Но пресёк я раздумия те:
очевидно, в них радости мало,
а блужданье души в темноте
никогда никого не спасало.

 

Можно корку сухую жевать,
жить, с недугом и бедностью споря,
но нельзя день за днём проживать
в неизбежном предчувствии го́ря.

 

Пусть душа своего не проспит
и на этом, последнем пределе,
а иначе Господь не простит
прозябанья её не при деле.

 

3.

 

То, что могут понять

Только старые люди и дети…

            

День у ребёнка протяжён, как жизнь.

С утра следил за чудищем в окошко,
а чудище возьми да окажись
соседской кошкой.

 

За завтраком всех взрослых раздражал
суровостью и голосом хрипатым,
поскольку в этот час воображал
себя пиратом.

 

Потом во двор велосипед привёл,
осваивал его на поворотах,
потом играл с ребятами в футбол –
стоял в воротах.

 

Пошли командой газировку пить –
отпраздновать дворовую победу.

Во всю пришлось до дома мчаться прыть:
успел к обеду.

 

Лежал после обеда, но не спал,
хоть погасил в себе футбольный гомон:
попался увлекательный журнал -
читал о гномах.

 

Потом смотрел по телику кино,
позвав к себе Мариночку-соседку.

Дало возможность дотемна оно
играть в разведку.

 

Пришёл домой. Без сил упал на стул,
как будто вправду целый день трудился.

Поужинал и сразу же уснул,
как отрубился.

 

А дед его с утра лежит, не спит,
пока семью будильник не разбудит.

И день, как жизнь. Ведь завтра, может быть,
её не будет.

 

4.

 

…Научился смотреть в вековое лицо темноты.

 

Вот задача задач – молодым не под силу она,
для её разрешения нужно прожить времена:

в ежедневной рутине, среди бытовой суеты
научиться смотреть в вековое лицо темноты.

 

Не имеет значенья – планида сложна ли, проста:
темнота перед нею и после неё темнота.

Если вечно то время, в котором отсутствует свет,

что в сравнении с ним пятьдесят или семьдесят лет?

 

Но в сравнении с днём этот срок бесконечен почти –

можно много пройти, и немало найти на пути,
и немало отдать, и, дойдя до конечной черты,
без боязни смотреть в вековое лицо темноты.

 

5.

И постепенно превращалось в пенье

Шуршанье трав…

 

Ясно слышу мелодию, рокот прибоя вобрав,
и напевом свистит у лица пролетающий воздух.
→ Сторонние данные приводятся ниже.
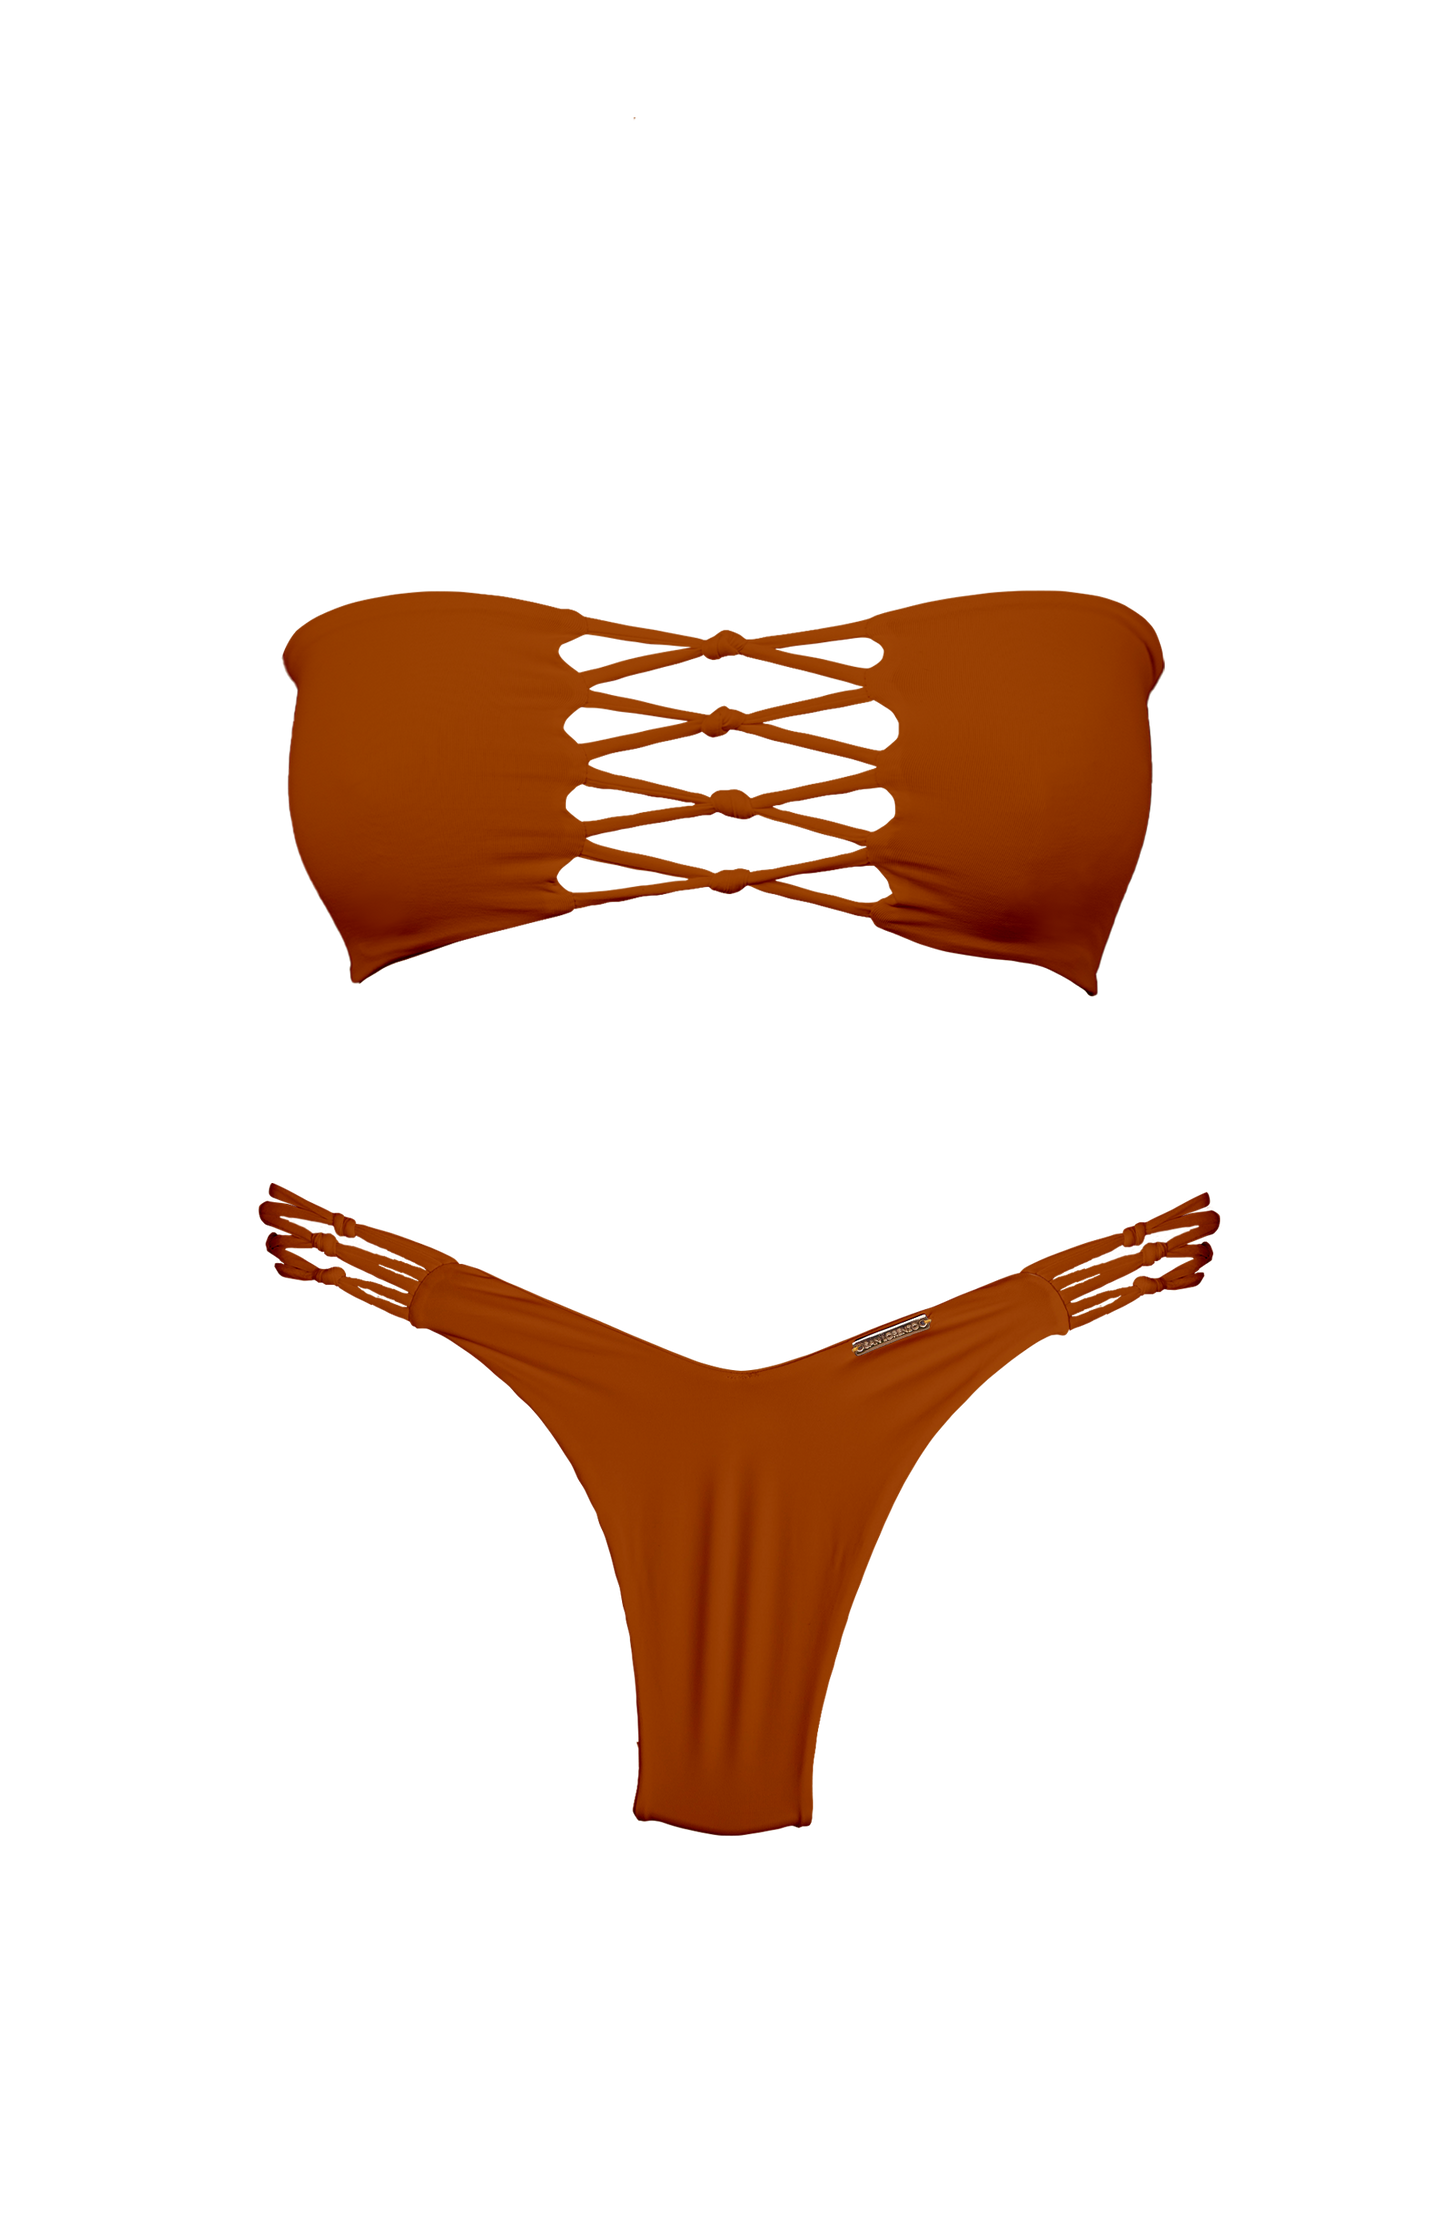 TAHITI MANA Persimmon Braided Thong Bikini Bottom

Превращается в пенье шуршание листьев и трав,
словно пенье, звучат путевые гудки тепловозов.

 

Это проще простого – прислушаться, не замутив
неким внутренним шумом негромкое внешнее пенье,
и слова отыскать, что ложатся на скромный мотив, –
это проще простого, нужны только слух и терпенье.

 

Иногда это миг, иногда это час или два,
или несколько дней, а случается так, что и годы.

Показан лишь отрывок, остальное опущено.